*** Block opens ***

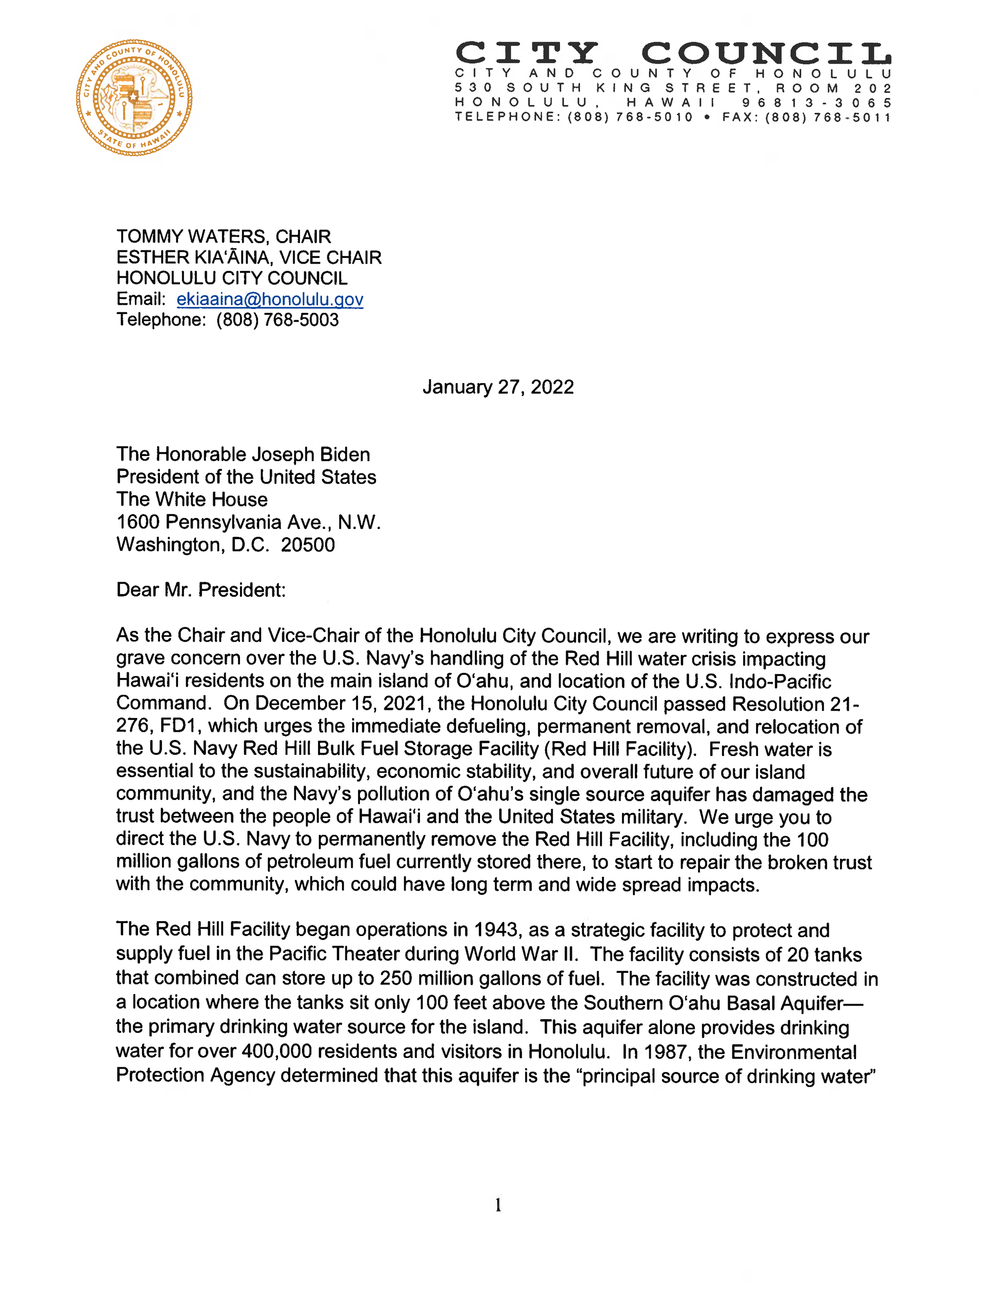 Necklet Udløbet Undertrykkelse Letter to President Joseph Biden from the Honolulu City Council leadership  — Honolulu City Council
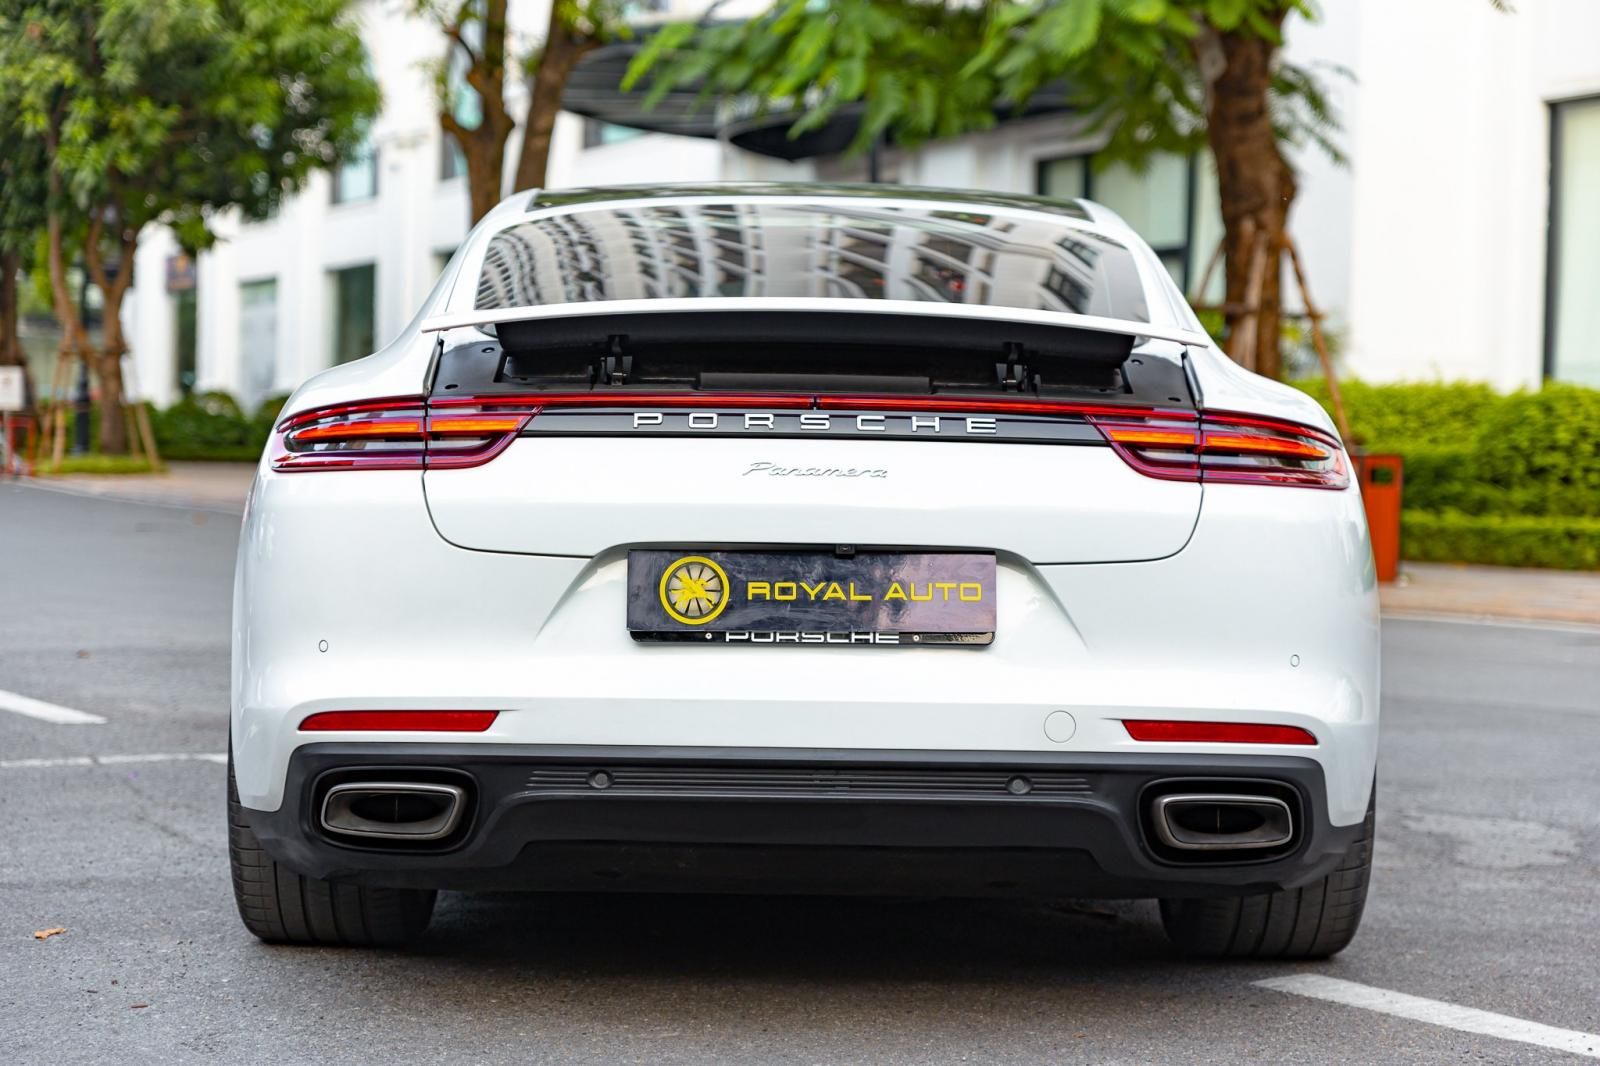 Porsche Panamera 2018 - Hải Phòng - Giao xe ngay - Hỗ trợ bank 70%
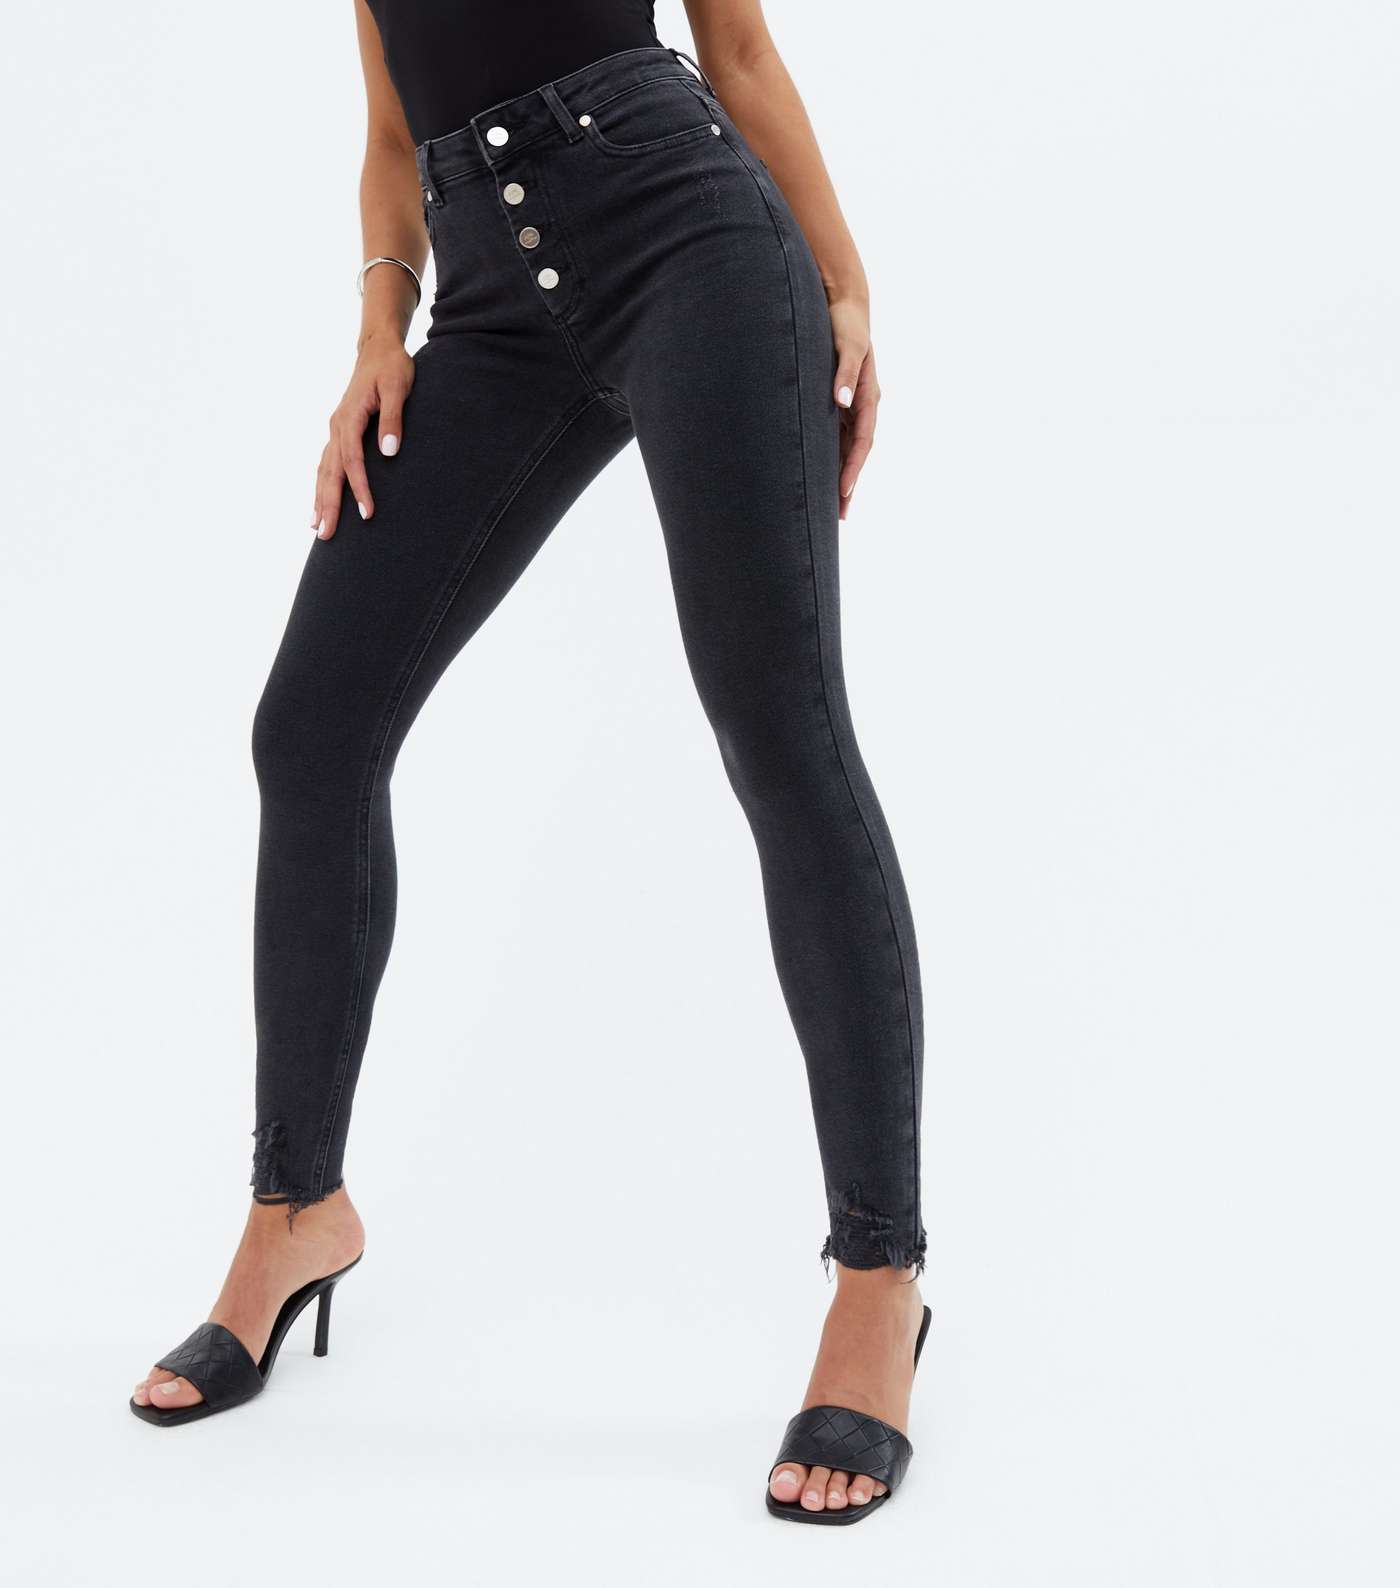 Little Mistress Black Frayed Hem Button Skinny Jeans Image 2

*** Block closes ***

Retype the material in full, exactly as written, and exclude the pictures.

#### Output of the task
 Necklet Udløbet Undertrykkelse Letter to President Joseph Biden from the Honolulu City Council leadership  — Honolulu City Council
 Porsche Panamera 2018 - Hải Phòng - Giao xe ngay - Hỗ trợ bank 70%
 Little Mistress Black Frayed Hem Button Skinny Jeans Image 2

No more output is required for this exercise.